__Problem to work on__. Exact copy, no pictures: return only the lines below from the line with "Running Nike Air" up to and including the line with "Women's Lightweight Pants-1".

__Provided data__.
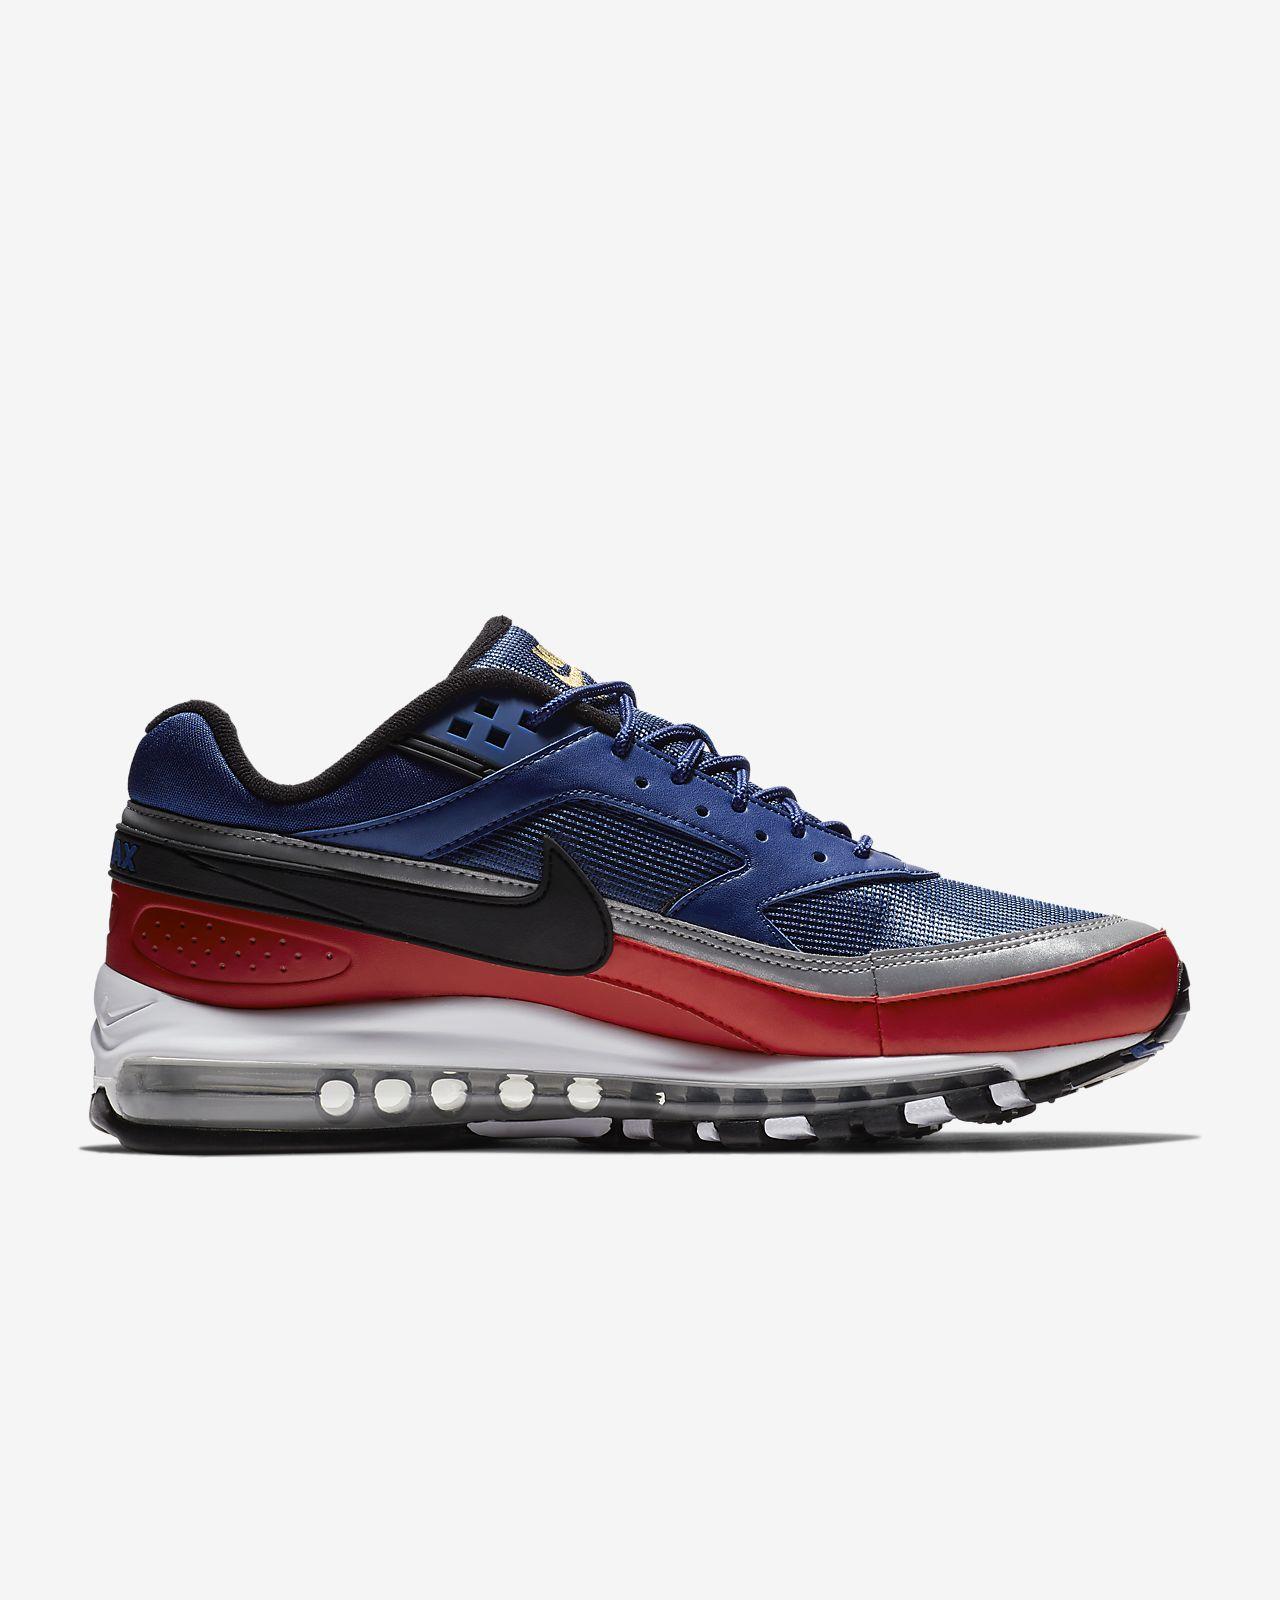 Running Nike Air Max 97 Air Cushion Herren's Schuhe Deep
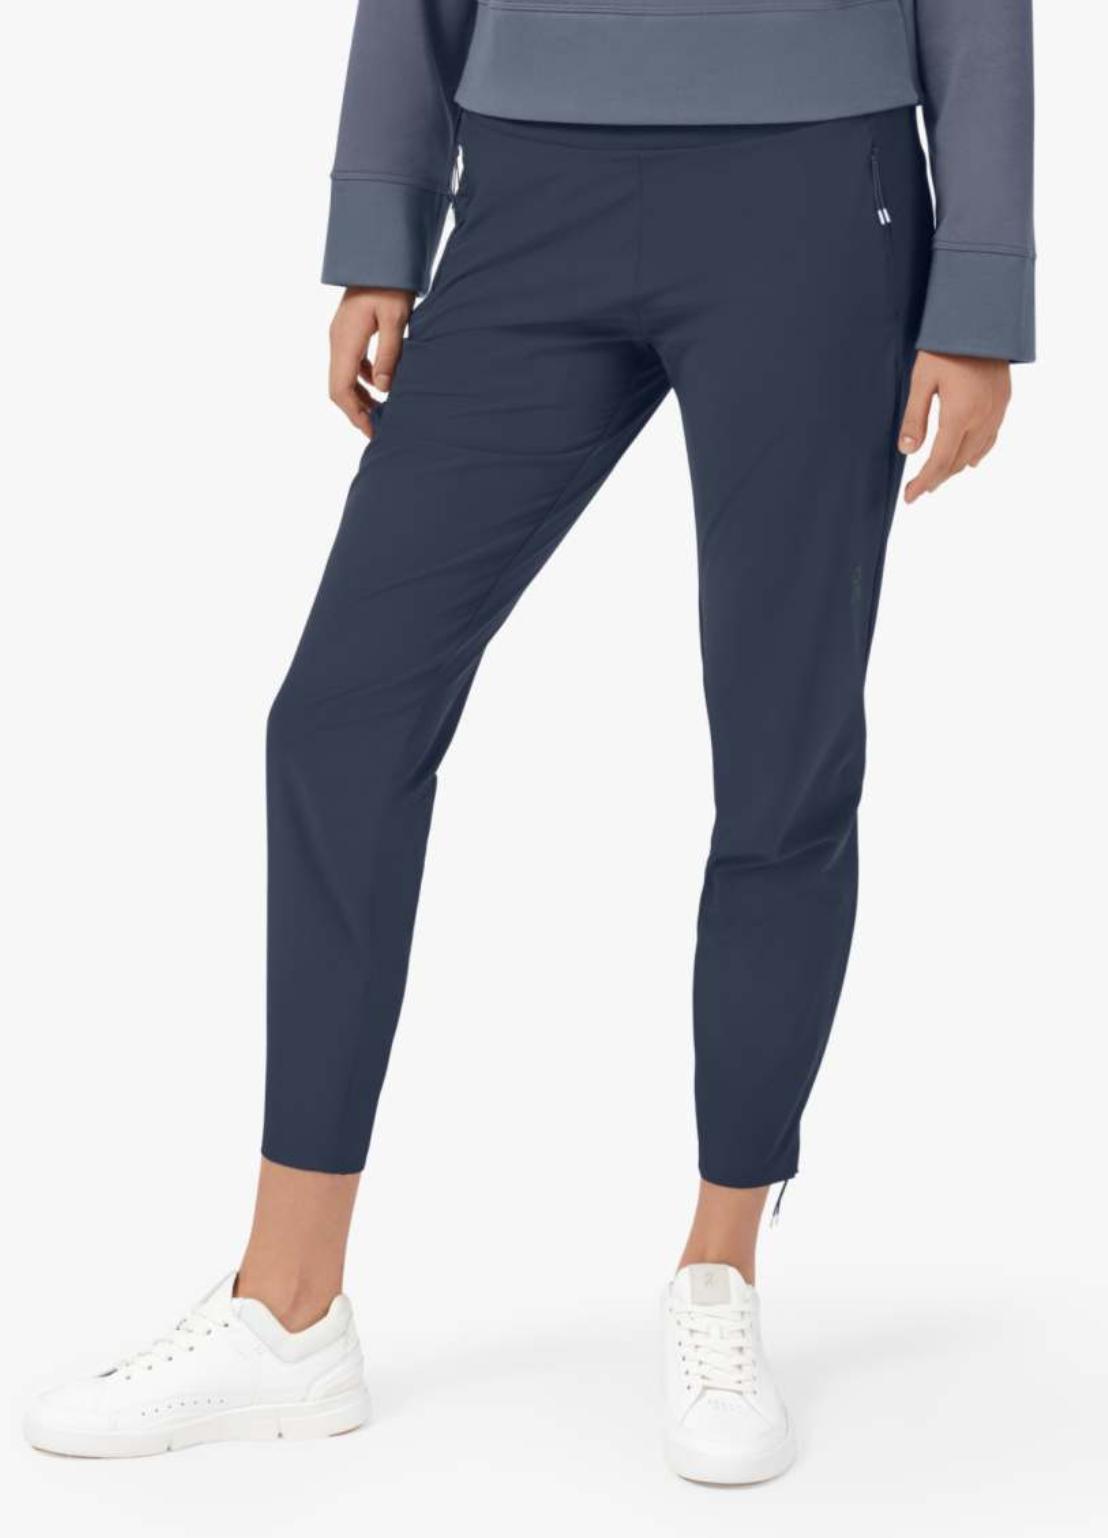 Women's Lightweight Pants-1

---

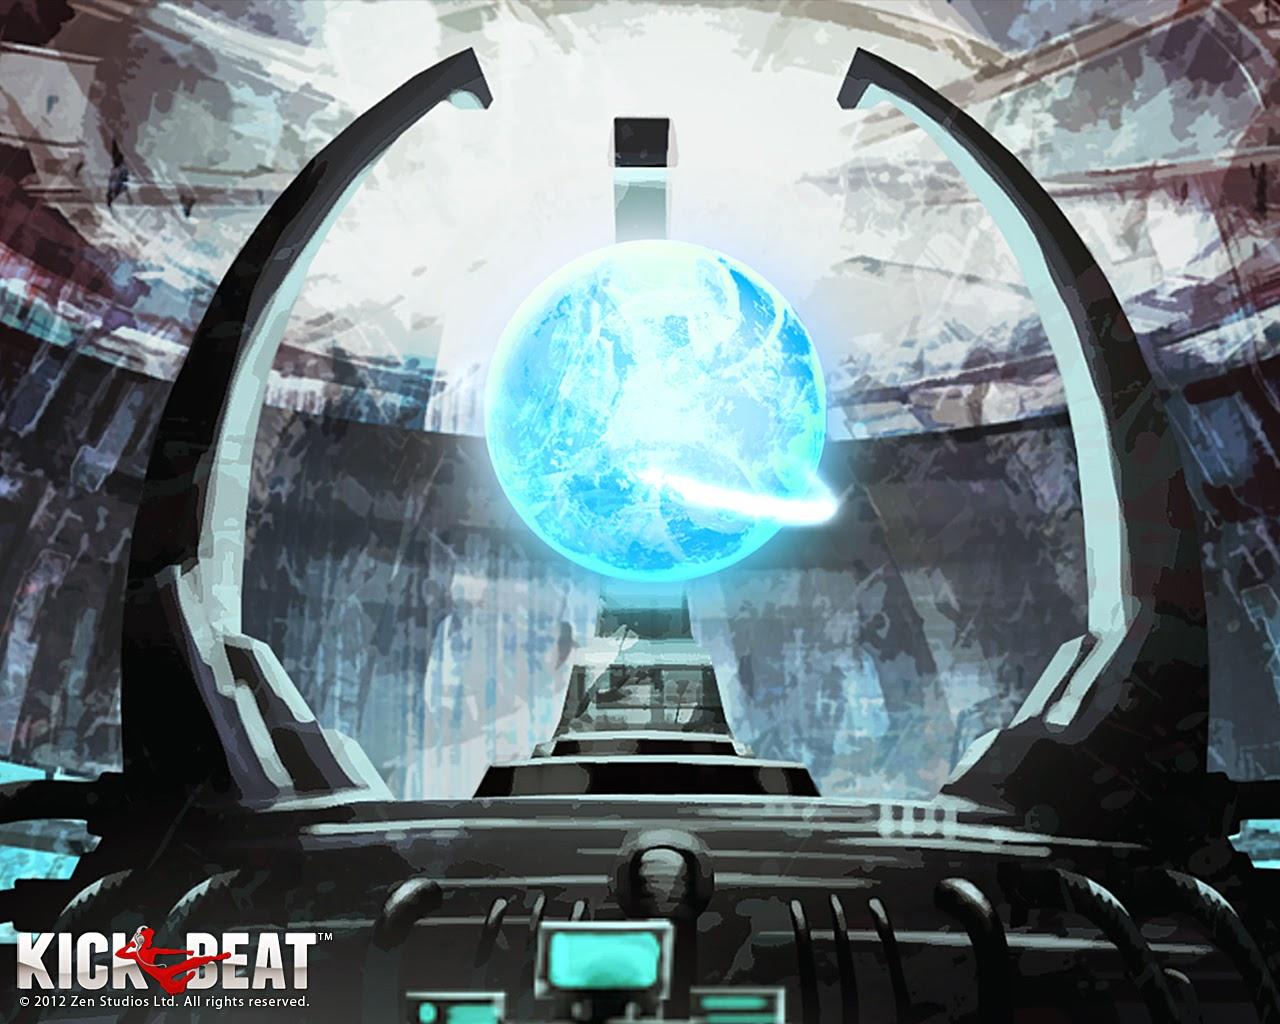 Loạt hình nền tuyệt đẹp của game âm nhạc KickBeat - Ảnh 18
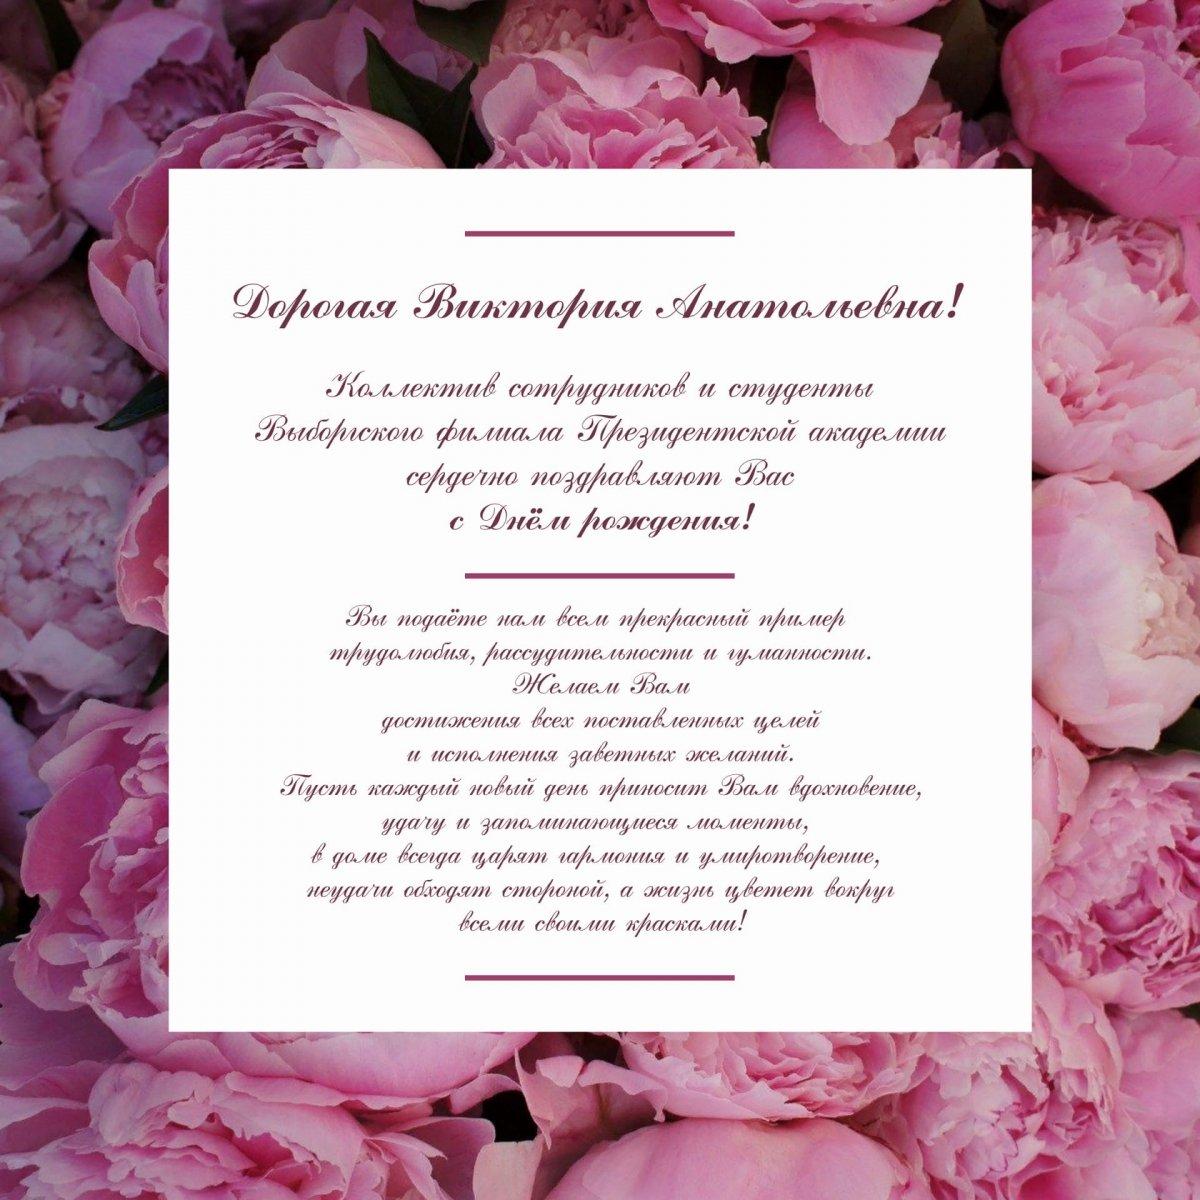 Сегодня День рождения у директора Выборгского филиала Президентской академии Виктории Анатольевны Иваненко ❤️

...

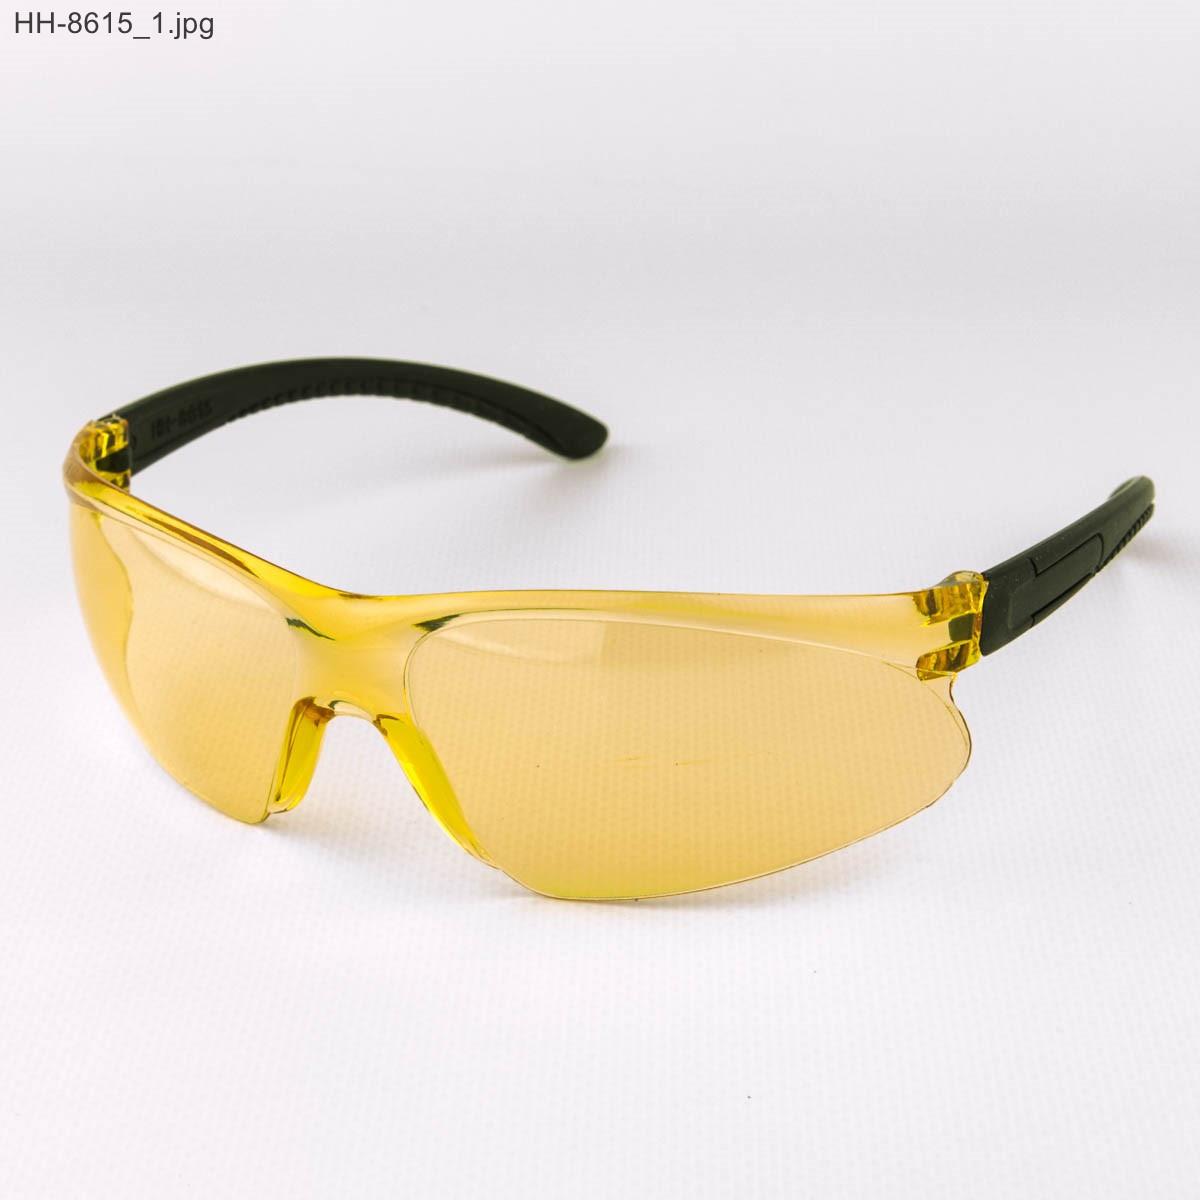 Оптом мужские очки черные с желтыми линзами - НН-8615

__Result of the task__.
 Running Nike Air Max 97 Air Cushion Herren's Schuhe Deep
 Women's Lightweight Pants-1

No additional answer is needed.